Hey, I'm not really a pro or anything with this camera and photography stuff....but I thought these were kinda cool....or hey, maybe they aren't as cool as I thought.


----------



## NHS (Sep 7, 2007)

UZ-A-BOW......Stick with the bow.




Just kidding. That is cool. Is that the arrow that took the beast? Also, is that the hide from the deer as well?


----------



## Bowdacious (Sep 16, 2007)

Yeah, that is the fatal arrow.....and that is the deer's hide......you can be honest. Like I said...I'm not a PRO! You won't hurt my feelings if you tell me the truth.


----------



## NHS (Sep 7, 2007)

Where did you have your hide tanned? I was sad to see Fox Valley go bye bye.


----------



## Bowdacious (Sep 16, 2007)

Ha Ha....excellent dodging of the question.

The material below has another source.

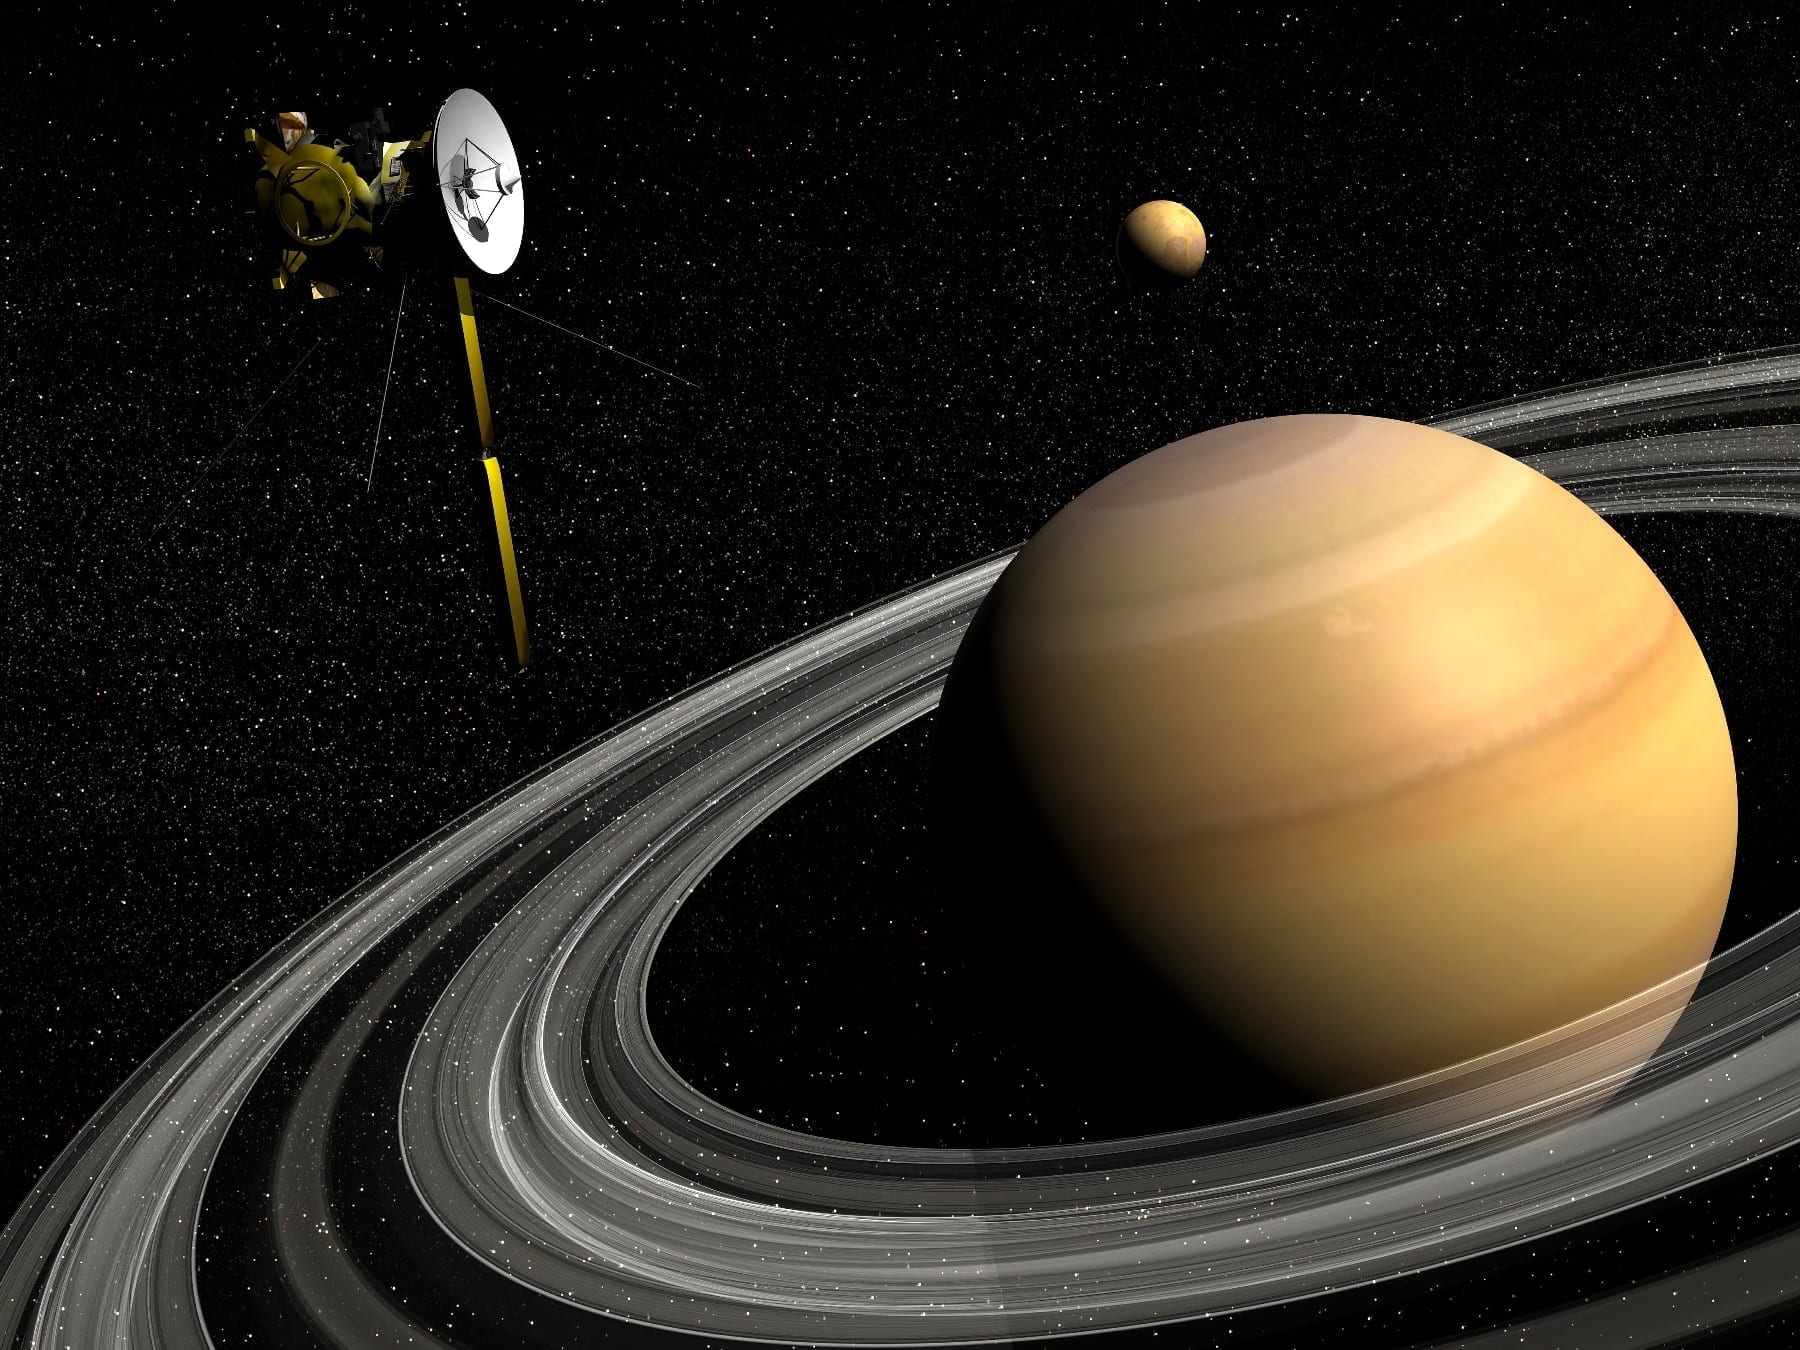 A Satellite orbiting Saturn and its moon Titan

The hide was tanned by a friend of mine that is a taxidermist. I was also sad to see Fox Valley go. I work right by there and it made it real convienent. Plus, it was fairly cheap. From what I understand they still will ship it out to their home store.....I haven't really checked into the price.


----------



## waltny (Sep 8, 2007)

If you want the truth, the white balance is off in each. Composition could be worked on(were you going for documentary type shot or something more dramatic?) and more even lighting or diffused light as to not throw shadows.

Congrats on the trophy .


----------



## Bowdacious (Sep 16, 2007)

Well, the deal is that I don't know much about this Photography thing. I don't even know what composition is or white balance....I don't know jack. I guess it is a lot more difficult than I thought. There seems to be more to it than just setting up some stuff and snapping a photo. :wink:


----------



## waltny (Sep 8, 2007)

If you got questions, we've got answers... If you want to get better dont be afraid to ask questions and be ready for the response. I remember when I first started out I didn take C&C well, probally still dont but if you dont get it and adjust fire as suggested then you will never get better. 
The shot you attempted is kind of a still life/product photography set up that requires a great understanding of light and with this style of photography you MAKE the photograph instead of TAKE the photograph. Ive been really into this lately if you want some pointers :wink: Im sure others here like thres wouldnt mind helping out also. 

All else fails, Im availible for cheap :mrgreen:


----------